Чудовище прошло несколько метров, оглянулось.
— Возьмешь там пару бутылок или нет, лучше большую банку. И тащи ко мне! — сказал Отшельник. — Потом поговорим.
За валуном была еще одна пещера, поменьше, вся забитая всевозможной посудой. Там были бутылки, бутыли, бутылочки, банки, склянки, кастрюли, котлы… Наверное, раньше здесь располагалось хранилище, а может, и еще что. С самого края стояло громоздкое и непонятное сооружение, перевитое трубами, шлангами. Из сооружения выходил маленький изогнутый краник. Под краником стояла большая двухведровая банка зеленого стекла. Капелька за капелькой падали в банку — почти беззвучно, но с какой-то дьявольской размеренностью, будто отсчитывали уходящие секунды.
Чудовище хотело нагнуться за банкой. Но заметило поодаль другую, точно такую же, только наполненную до верху и закрытую пластиковой крышечкой.
— Ну что ты там застрял?!
Голос Отшельника прозвучал недовольно. И Чудовище не стало размышлять над множеством вопросов, которые возникли у него в этой пещерке, а подхватило полную банку. Вернулось к нише.
— Вот, держи!
— Спасибо, Биг. А меня что-то и ноги носить перестали. Видал, какая голова? То-то, все растет и растет, скоро ей в берлоге будет тесновато, ха-ха! — в голосе не было ни капельки веселости.
Только теперь Чудовище поняло до конца, осознало наконец, что Отшельник болен. И что он страшно болен, что он неизлечим. Оно поставило банку у ног сидящего и отошло.
Отшельник попробовал нагнуться, но у него это не получилось. Тогда он привычным движением, почти машинально протянул руку, вытащил из углубления в стене металлическую трубку и резко ткнул ее концом в крышечку. Та не поддалась.
— Помоги, Биг!
Чудовище взяло трубку в щупальце, продавило крышку. Отшельник тут же ухватился за другой конец, присосался.
Он пил долго.
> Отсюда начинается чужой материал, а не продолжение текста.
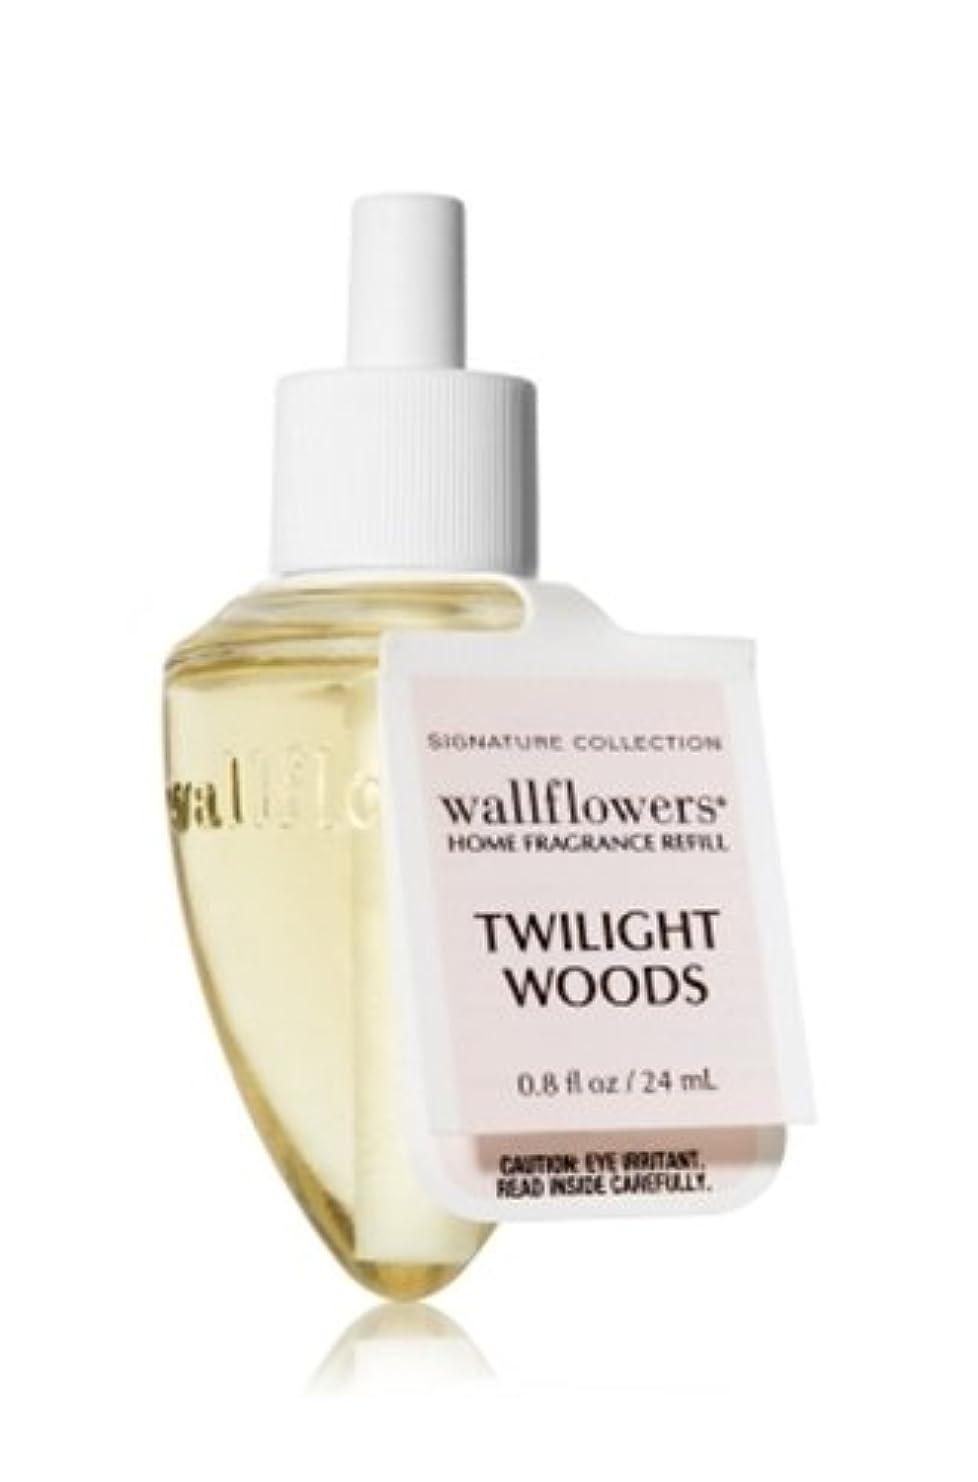 肥満残る明示的にBath & Body Works(バス&ボディワークス) トワイライトウッズ レフィル(本体は別売りです) Twilight Woods Wallflowers Refill Single Bottles【並行輸入品】

Чудовищу показалось, что сейчас он лопнет, разве можно влить в такое маленькое и худенькое тельце столько жидкости! Да он сошел с ума, наверное!
Отшельник оторвался от трубки, когда в банке оставалось меньше трети. Он тяжело дышал. Не мог говорить. Но когда дыхание наладилось, сказал:
— Такие дела, Биг. Не удивляйся, я теперь без этого пойла не могу. Придется, видно, перебираться туда, к агрегату, а то помру, Биг!
Чудовище смотрело и думало: "Нет, Отшельник, ты помрешь в любом случае. Эко вон тебя разобрало! А ведь такой был здоровый, такой сильный! Сколько планов было на будущее, казалось, что жить тебе предстоит вечно, что ты сумеешь найти спасение для этого проклятого мира! А почему бы и нет, вон ведь головища какая! Там мозгов больше, чем у всех остальных обитателей Подкуполья, точно больше! Что же ты делаешь, Отшельник! Зачем?!"
Чудовище пыталось заставить себя не думать об этом, оно знало, что Отшельник читает мысли — и не только у тех, кто рядышком стоит, — но ничего с собой поделать не могло.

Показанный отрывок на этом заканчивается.